Als ich die Verpflegungsstelle Brotterode bei Kilometer 29 etwa gegen
7:25 erreichte wurde es auch so langsam warm. In den Wäldern und auf den
Höhen war es bis dahin gar nicht so sehr warm. So ließ es sich gut
laufen. Ich teilte aber dennoch meine Kräfte ein und beherzigte den Rat,
die Anstiege gehend zu überwinden und es an den Gefällestrecken einfach
rollen zu lassen. Ich dachte darüber nach, ob das wirklich die bessere
Taktik in diesem Gelände ist. Denn schließlich waren es ja in der Summe
etwa 2.150 Höhenmeter, die auf der gesamten Strecke überwunden werden
mussten. Und die steigenden Temperaturen bereiteten mir zunehmend Sorge.
Es ist schon ein Phänomen: Unterwegs überholt man immer wieder die
gleichen Läuferinnen und Läufer.

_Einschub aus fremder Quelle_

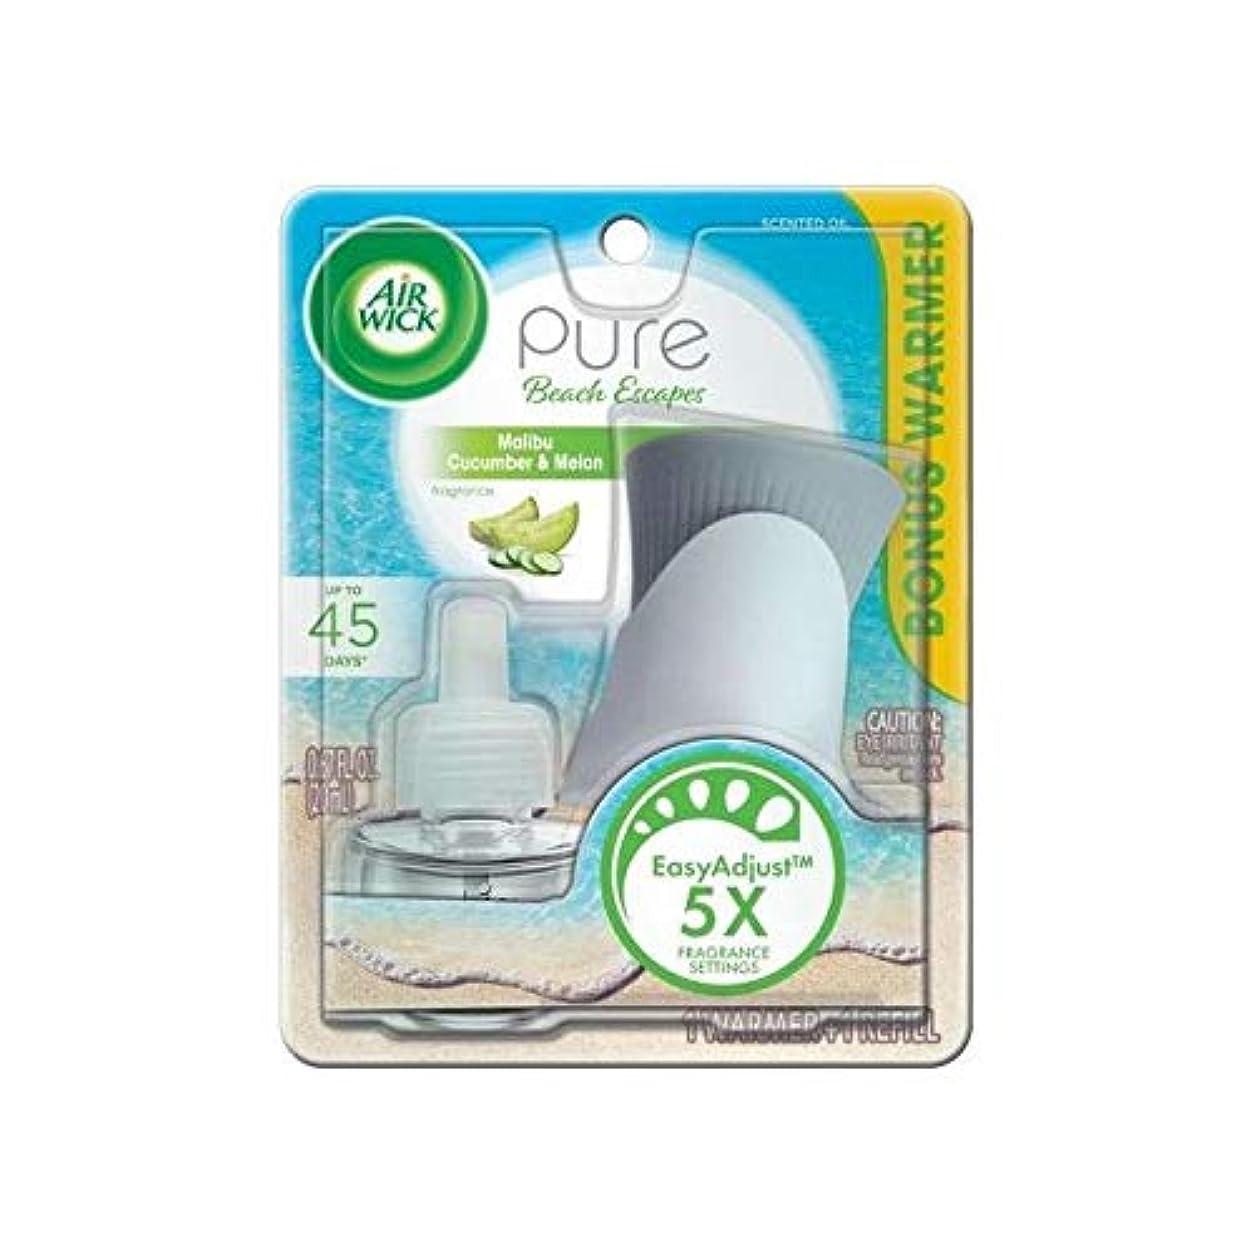 人気の積極的に時代遅れ【Air Wick/エアーウィック】 プラグインスターターセット オイルウォーマー本体+詰替えリフィル1個 マリブ キューカンバー&メロン Air Wick Pure Beach Escapes Malibu Cucumber & Melon Scented Oil Starter Kit [並行輸入品]
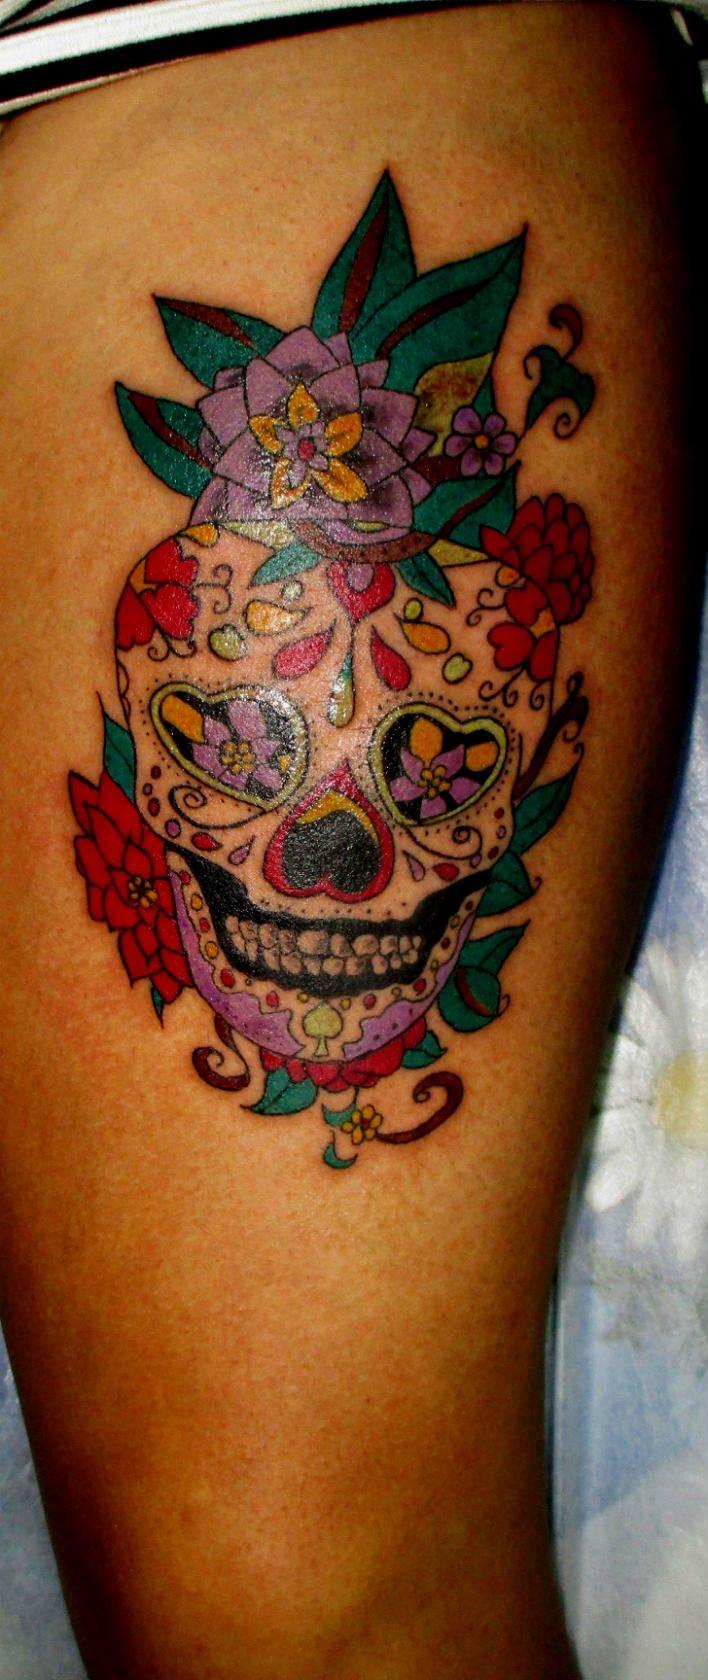 Уход за татуировкой правила ухода за тату в первые дни после нанесения

Wenig später wird man selbst wieder von
den gleichen Läuferinnen und Läufern eingeholt. So kam ich mit Ines
Melzer aus Jessen (Kreis Wittenberg) ins Gespräch. Wir liefen in etwa
das gleiche Tempo. Kurz hinter dem Weinberg (583 m ü.N.N.) bei Trusetal
führte uns die Route auf einen asphaltierten Weg Richtung
Kleinschmalkalden. Der Weg schmiegt sich sanft in die Landschaft. Leicht
abschüssig beschleunigte er unsere Schritte.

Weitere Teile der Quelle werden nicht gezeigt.